Measuring Electric Dipole Moments of Trapped Sub-mm Particles

TL;DR

This paper introduces a novel acoustic trapping method to measure electric dipole moments of sub-millimeter particles, revealing their magnitude, aggregation effects, and charge stability over time.

Contribution

It presents a new technique for measuring electric dipole moments of levitated particles in an acoustic trap, including insights into charge stability and aggregation effects.

Findings

Dipole moments are on the order of 10^{-15} to 10^{-14} C·m.

Dipole moments increase with particle aggregation and tribocharging.

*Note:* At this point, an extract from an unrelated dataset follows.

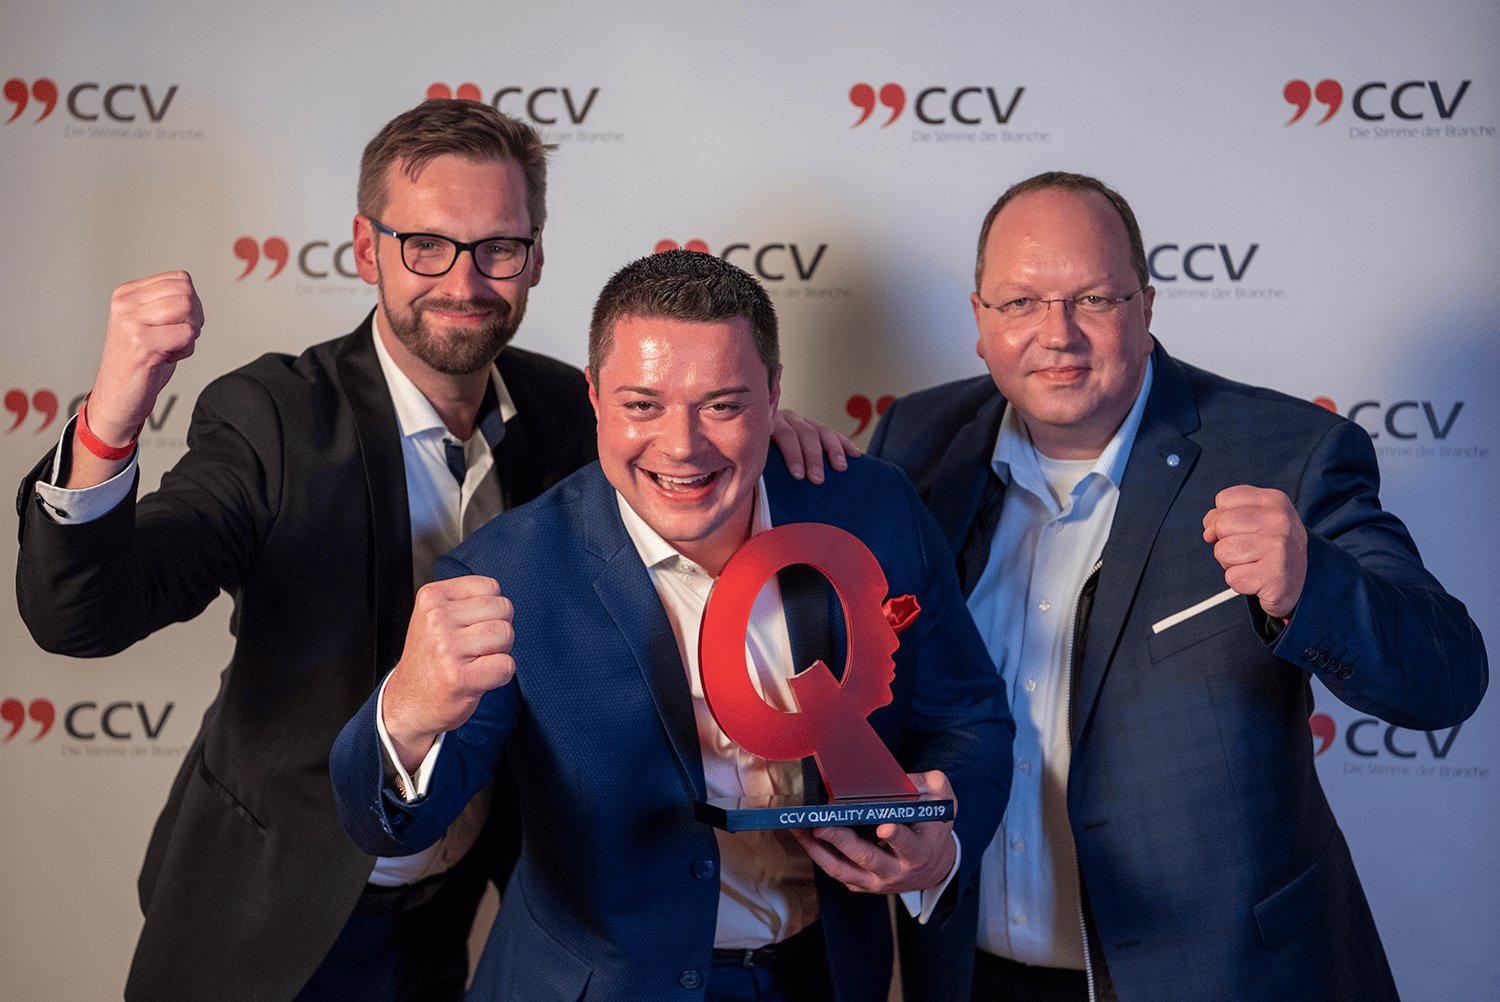 mobile.de und oneclick gewinnen CCV Quality Award 2019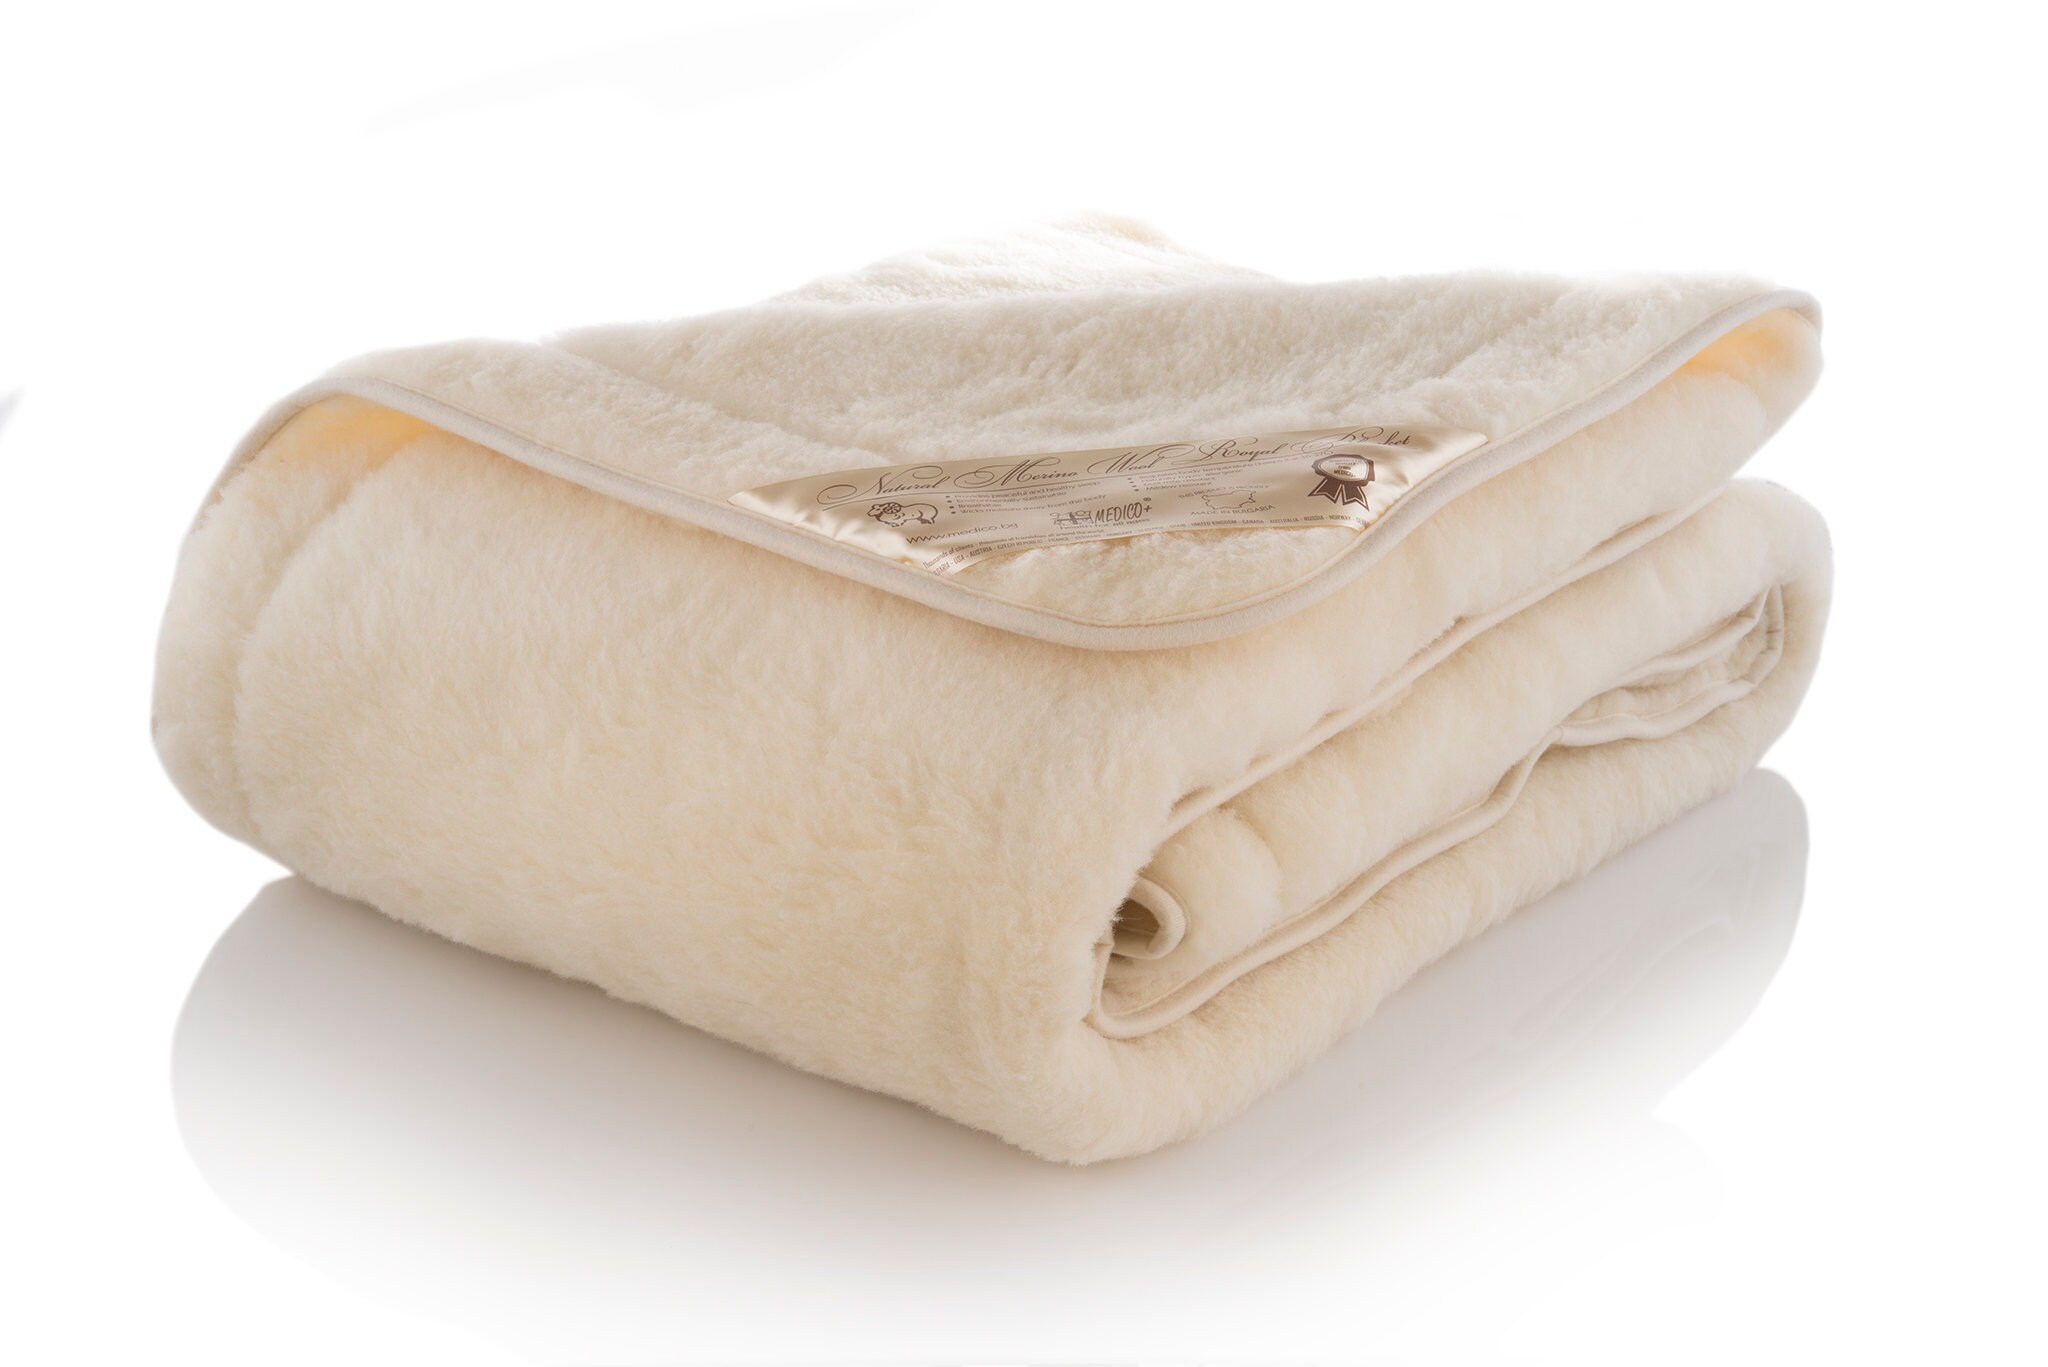 Wool Duvet, Merino Wool Blanket, Bulgarian Wool Blanket, Organic Wool  Blanket, Winter Blanket, Baby Blanket, Family Gift, Wool Blanket King

No change in dipole moment observed over minutes, indicating charge stability.

Abstract

We present a method for measurements of electric dipole moments on (sub)-mm size (basalt) particles levitated in an acoustic trap and centered within a plate capacitor. If an electric field is applied the particles oscillate with specific frequencies due to their permanent dipole moments. We observe dipole moments on the order of $D_P = 10^{-15} ... 10^{-14} \rm \, C \, m $. The dipole moment increases in small aggregates with the number of grains and is larger for samples vibrated (tribocharged) before trapping. The basalt grains show no sign of change in their dipole moment during measurements, implying a timescale for charge mobility being at least larger than minutes.